- Record excerpts
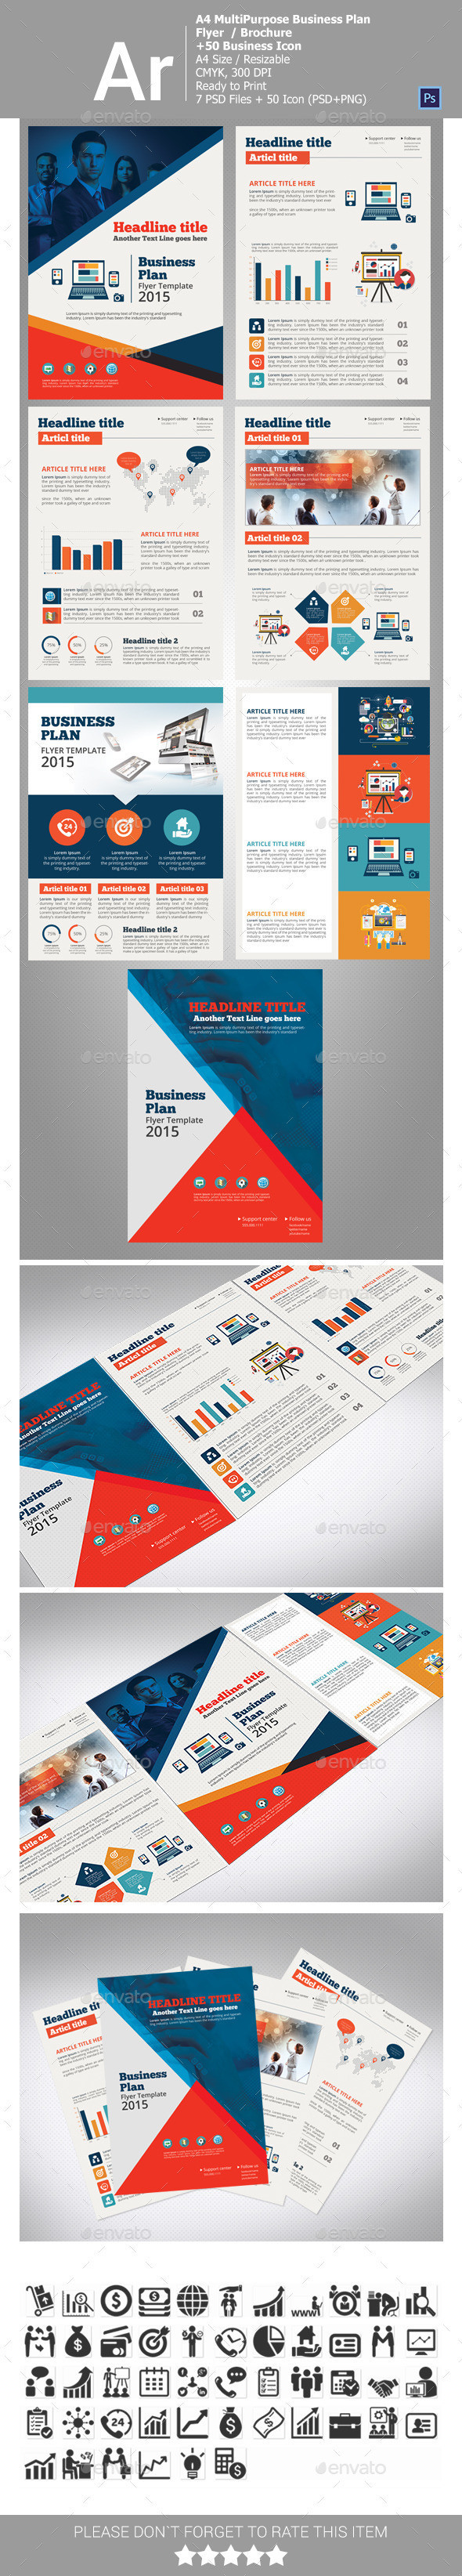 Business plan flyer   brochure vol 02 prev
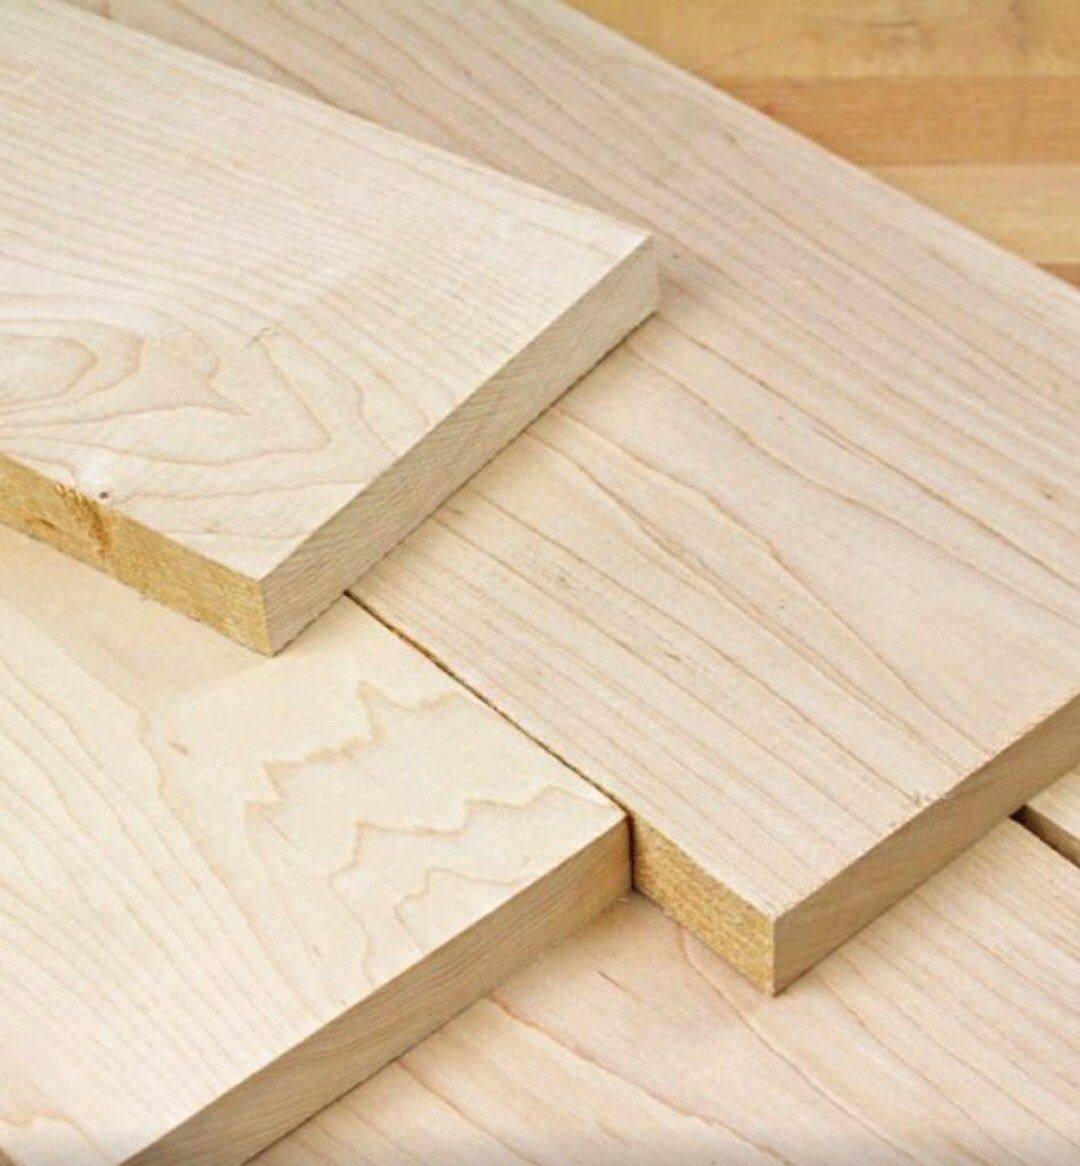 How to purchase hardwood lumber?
---
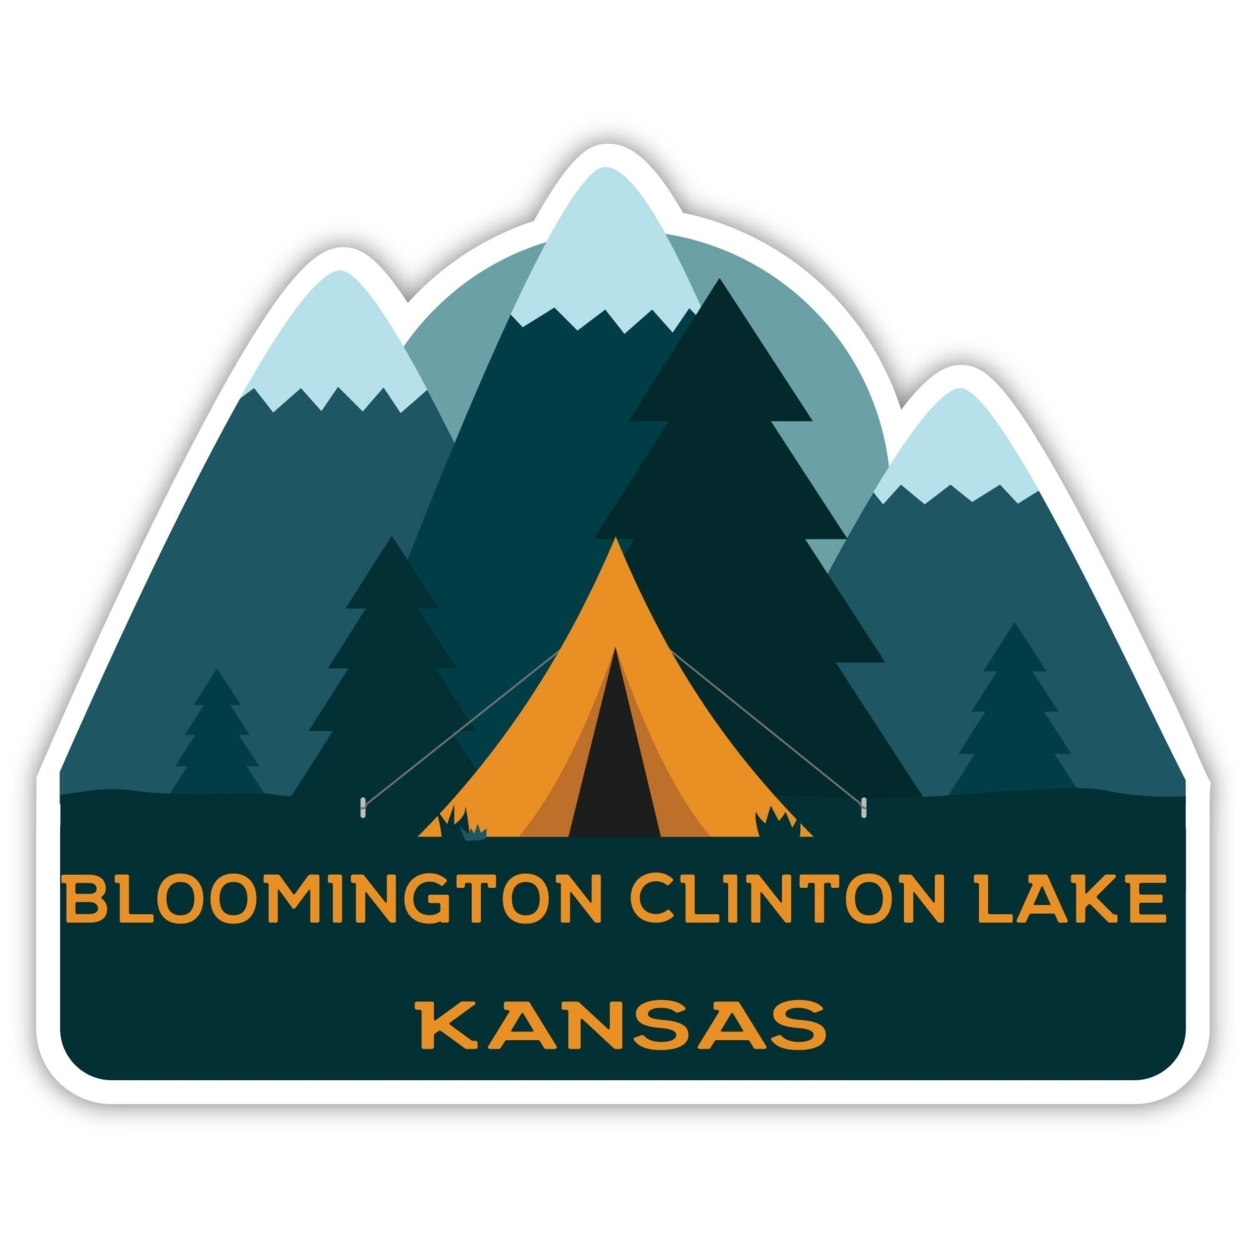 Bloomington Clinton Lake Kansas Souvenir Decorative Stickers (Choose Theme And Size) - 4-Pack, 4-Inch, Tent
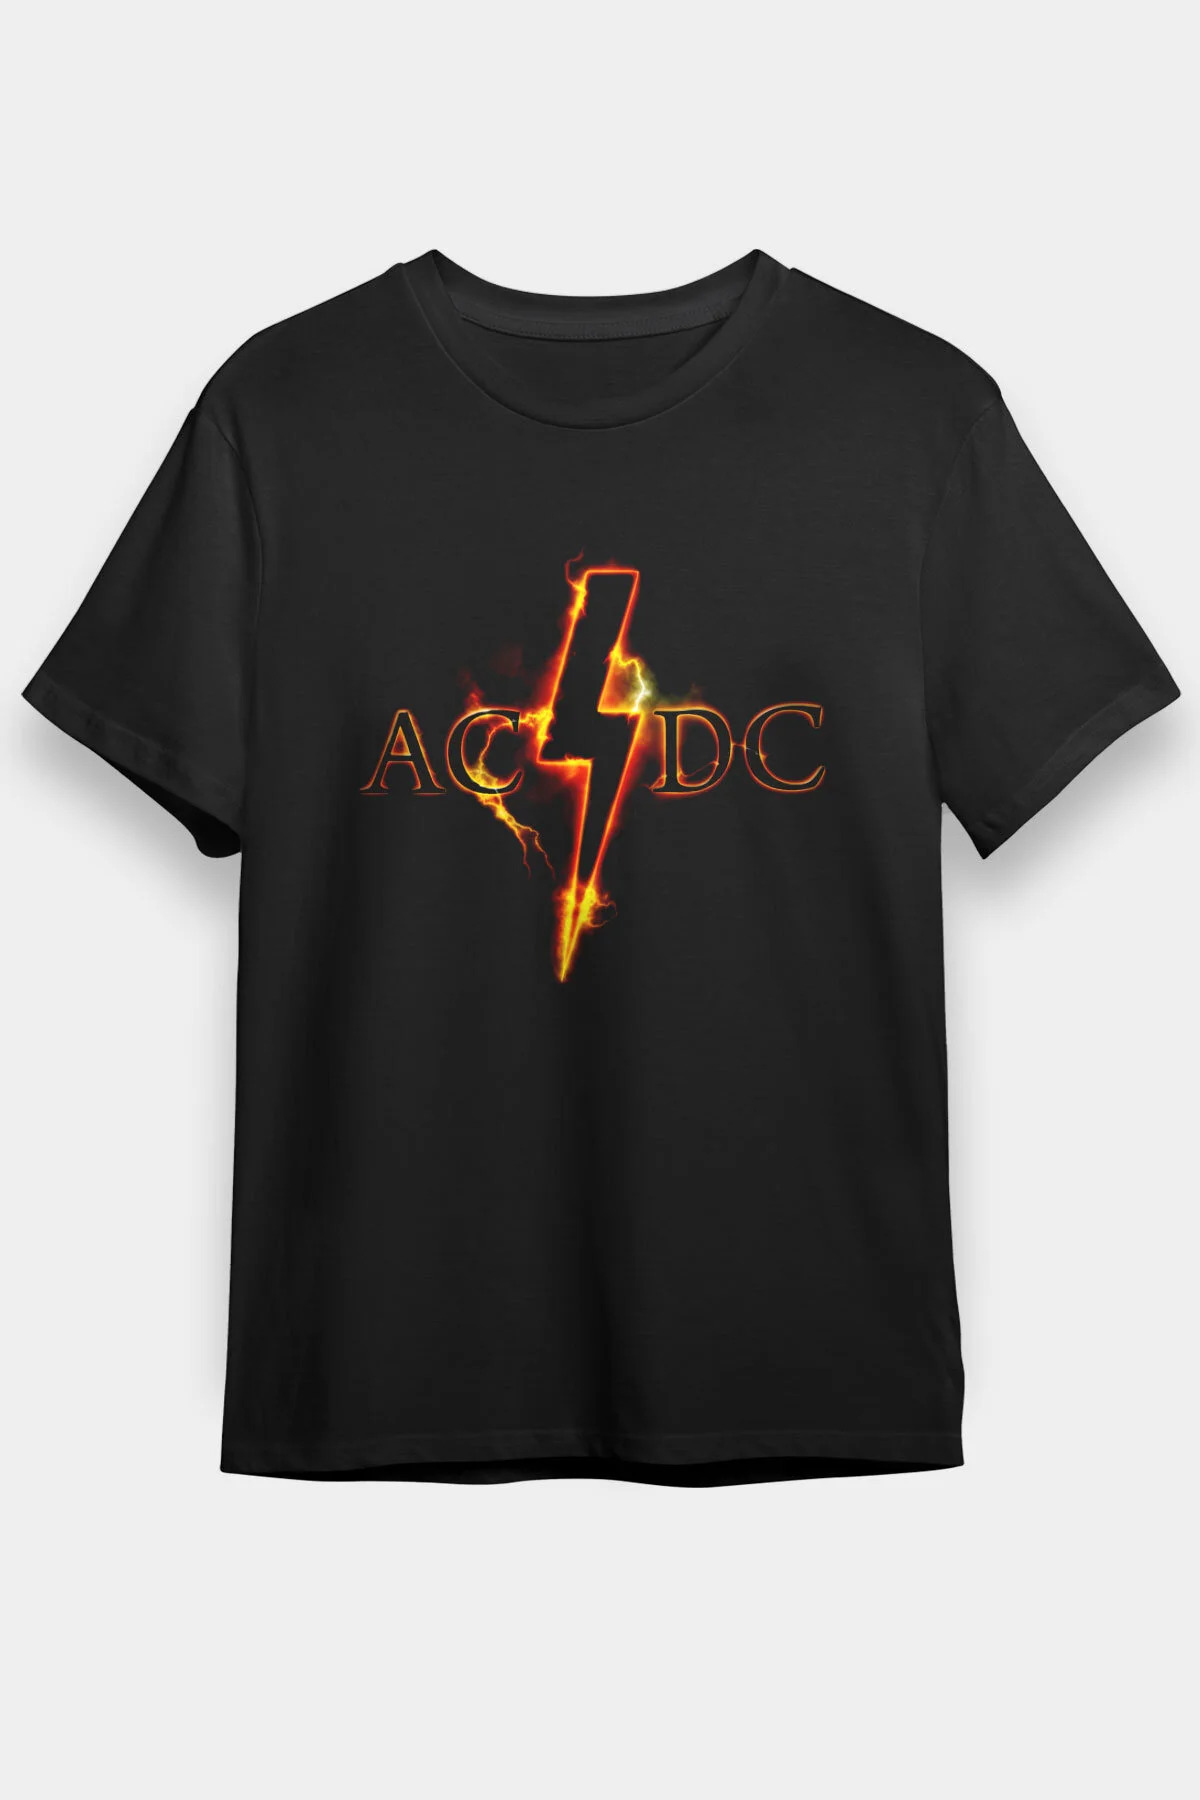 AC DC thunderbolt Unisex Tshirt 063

- Problem to solve
Set the pictures aside and retype exactly the lines above from the line with "Business plan flyer" to the line with "How to purchase hardwood lumber?", both included, adding no others.

- Reply to the task
 Business plan flyer   brochure vol 02 prev
 How to purchase hardwood lumber?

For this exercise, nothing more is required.